Monday, December 25, 2017

but, isn't the lesson taught in christianity that if you try and live a good life and be a good person that you'll be betrayed by your friends and torn down in bloodlust by an angry lynch mob?

there's this story going around amongst jewish historians that maybe the entire history before the captivity was entirely fictional, and that the people that were moved into the levant were an entirely fabricated ethnicity - that the jewish race was a fabrication of the dying sumerian civilization under the direction of it's new iranian overlords, meant to colonize and replace an existing civilization with a colonial outpost. this would explain judaism's apparent connections to zoroastrianism.

and, what would that destroyed civilization be? it would have been phoenician. what happened, then, was that the persians came in, cleared the phoenicians out and brought in this imagined ethnicity, the jews - who were peoples indigenous to mesopotamia, following a newly invented ideology with a totally fabricated history.

but, some source would exist to describe this? well, perhaps some source did, perhaps many did. but, centuries later, the roman destruction of carthage was total - and such histories would have been destroyed in the process, if they existed. hey, that is true, isn't it?

it was the carthaginian connection that intrigued me as i was having a cigarette and wanted to get written down. i like it when disparate parts of history intersect like that, and it just made a connection in my head. hey, it's christmas.
i've actually long been swayed by the hypothesis that religion, as we understand it, is basically an elaborately distorted ufo cult. these stories of contacts with ancient beings in the sky may have an empirical basis, if you allow for contact with extra-terrestrial life. well, it's a naturalistic explanation, is it not? the sky is at the core of so much religion...

i don't claim to be able to rigorously demonstrate this, but i think it's probably actually true, nonetheless. it's kind of unfalsifiable, right? but that doesn't necessarily mean it's wrong - i'm post-godel, i'm sorry, it really doesn't. errr. bzzzztt. wrong.

it's certainly less convincing if it's unfalsifiable, i'll grant you that - it's not science. it's speculation. but, it might be science one day.

so, i don't find claims of entities in the sky to be particularly absurd or hard to believe - they've happened all throughout history, have they not?
ok, i'm going to put away my skeptic hat for a moment and put on my marxist cape. 

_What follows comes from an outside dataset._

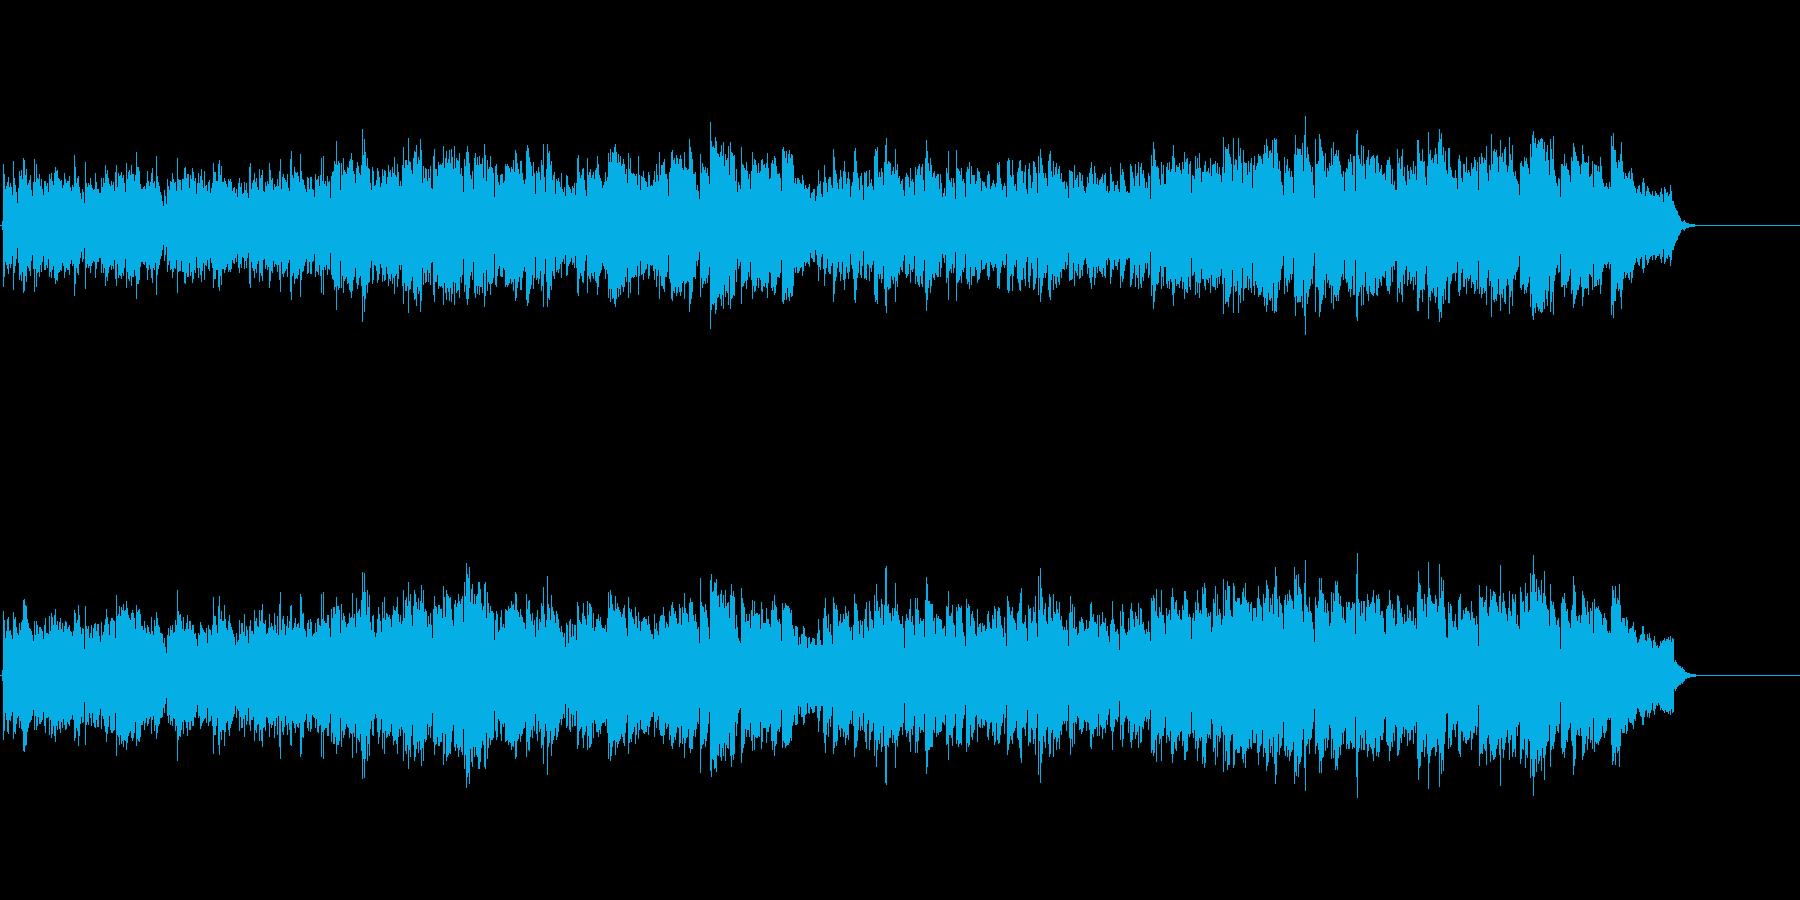 nullの再生済みの波形
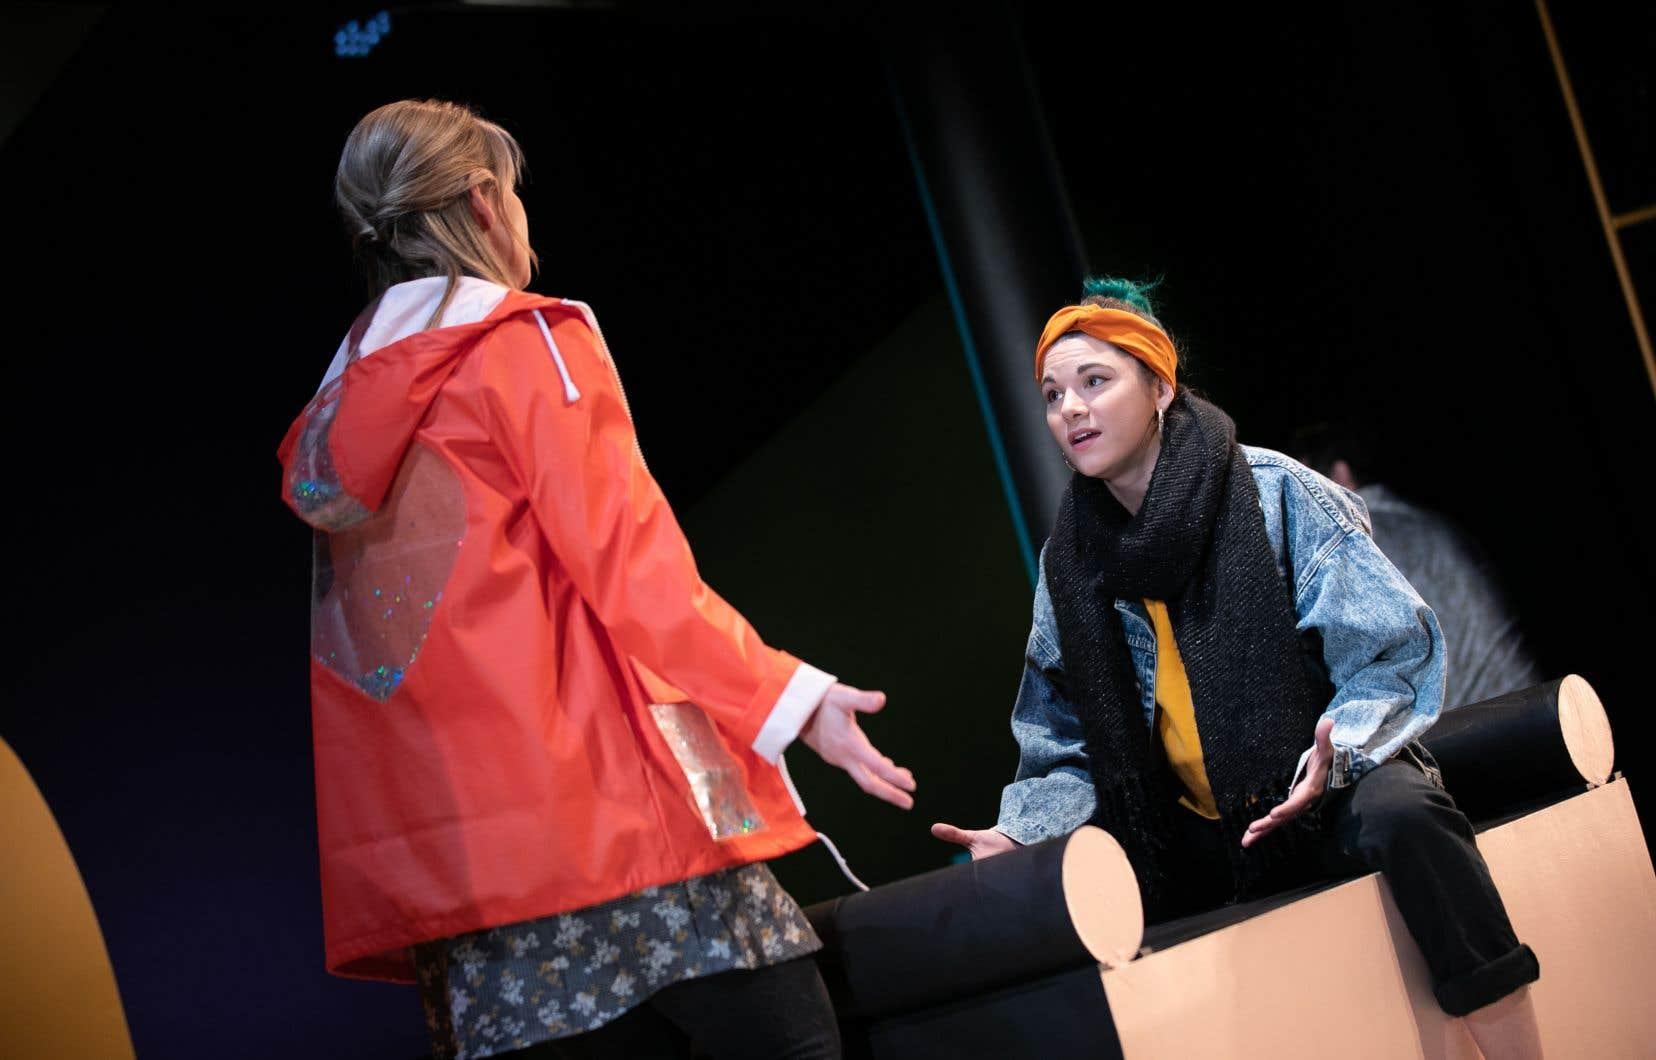 Dans «Rotterdam», un humour vif livré avec agilité par les comédiens vient équilibrer les passages plus dramatiques.

i just think the marxist article of clothing should be a cape. it just makes sense, some how. i dunno. but it's obvious.

religion is supposed to be this thing that governments use to control masses of people into compliance with. so, it strikes me as kind of weird to speak of it in terms of resistance. now, i need to rip off my marxist cape because my paranoid anarchist heart wants to look for evidence of alliance with power structures, as that is, in truth, occam's razor. yet, the possibility of a simple slick preacher also always exists - and these aren't mutually exclusive.

at the least, any activist on the left should be particularly weary of any kind of religious movement trying to involve itself with politics. there is a 100% chance that they are trying to take over your movement for one nefarious aim or the other.

the problem that marx (where's my cape?...) saw with christianity is that it promises salvation in an afterlife, thereby leaving workers in delusional states of fantasies about life and death. i'm supposed to point out that marx saw this as an obstacle to movement building and leave it at that, but think about the psychology in what he's suggesting. think about how that breaks a human's soul into two, having them turn an active desire for death into a virtue. to convince humans that they should believe that all of the misery and all of the struggle is worth it because it will be paid off in an afterlife, which certainly doesn't exist. this is a truly dangerous cult.

i don't feel that buddhism escapes this general description of a pacifying force, but rather in a way just transcribes it. buddhism also teaches that life is meaningless, and that there is some preferable place in the hierarchy in the next life. this is incompatible with a revolutionary politic.